Учение превратилось для меня просто в игру, за исключением математики, в отношении которой я был заблудшей овцой уже с первого класса. История стала для меня великой книгой сказок, языки — восприятием на слух. Все остальное получалось благодаря общей благосклонности и помощи учителей.
Единственным, кого не так легко удавалось провести, был Большой (Бруммер), преподаватель финского языка и латыни, который частенько говорил мне, когда я в доказательство своих знаний поднимал руку:
— Лённбум то знает, а то нет. Лённбум то подымает руку, а то нет. Не буду тебя спрашивать, когда ты вызываешься.

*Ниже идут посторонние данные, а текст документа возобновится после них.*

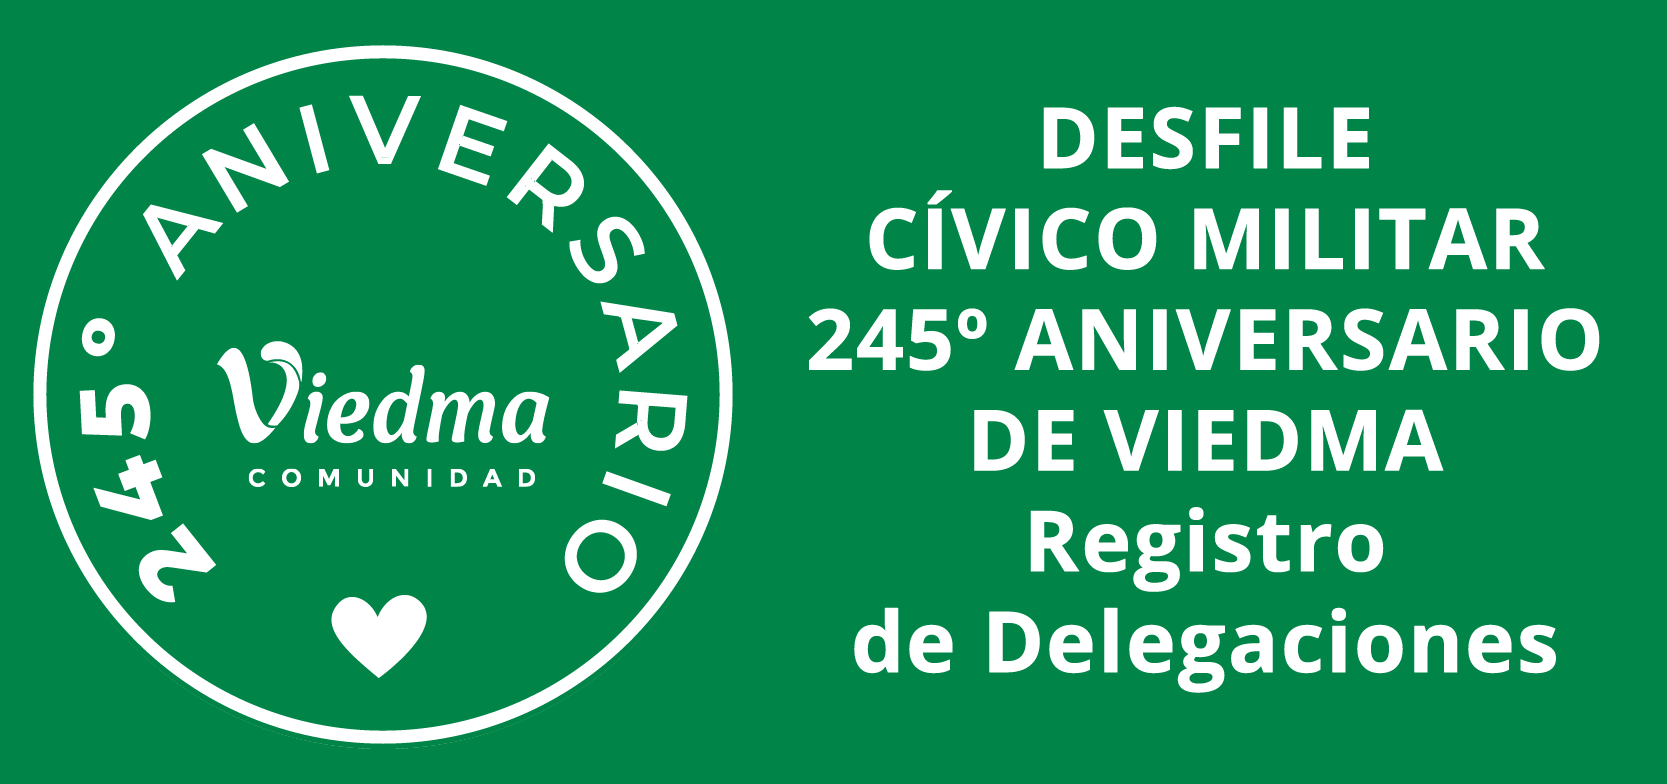 DESFILE CÍVICO MILITAR - 245º ANIVERSARIO DE VIEDMA - Registro de Delegaciones

Я пробовал подкупить его, вытягивая руку как можно дальше. Все так же безуспешно.
— Я вижу твое невежество Насквозь, — говорил Большой. — Уж лучше и не тянись.
Редко он спрашивал у меня что-нибудь. Но иногда и я все-таки годился, чтобы продекламировать перед классом «Прапорщика Столя».
— Не умеешь ты читать, — говорил он, послушав немного. — Иди на место и слушай, как я декламирую.
Он брал в руки книгу, выдерживал маленькую художественную паузу, озирался выпученными глазами поверх очков и начинал читать выразительно и с правильной интонацией, увлекался своим чтением, увлекался самим текстом, забывал об окружающем мире и терял представление о месте и времени.
Мальчишки в это время веселились. Не было страха за невыученный урок. Можно было даже втихаря пошалить.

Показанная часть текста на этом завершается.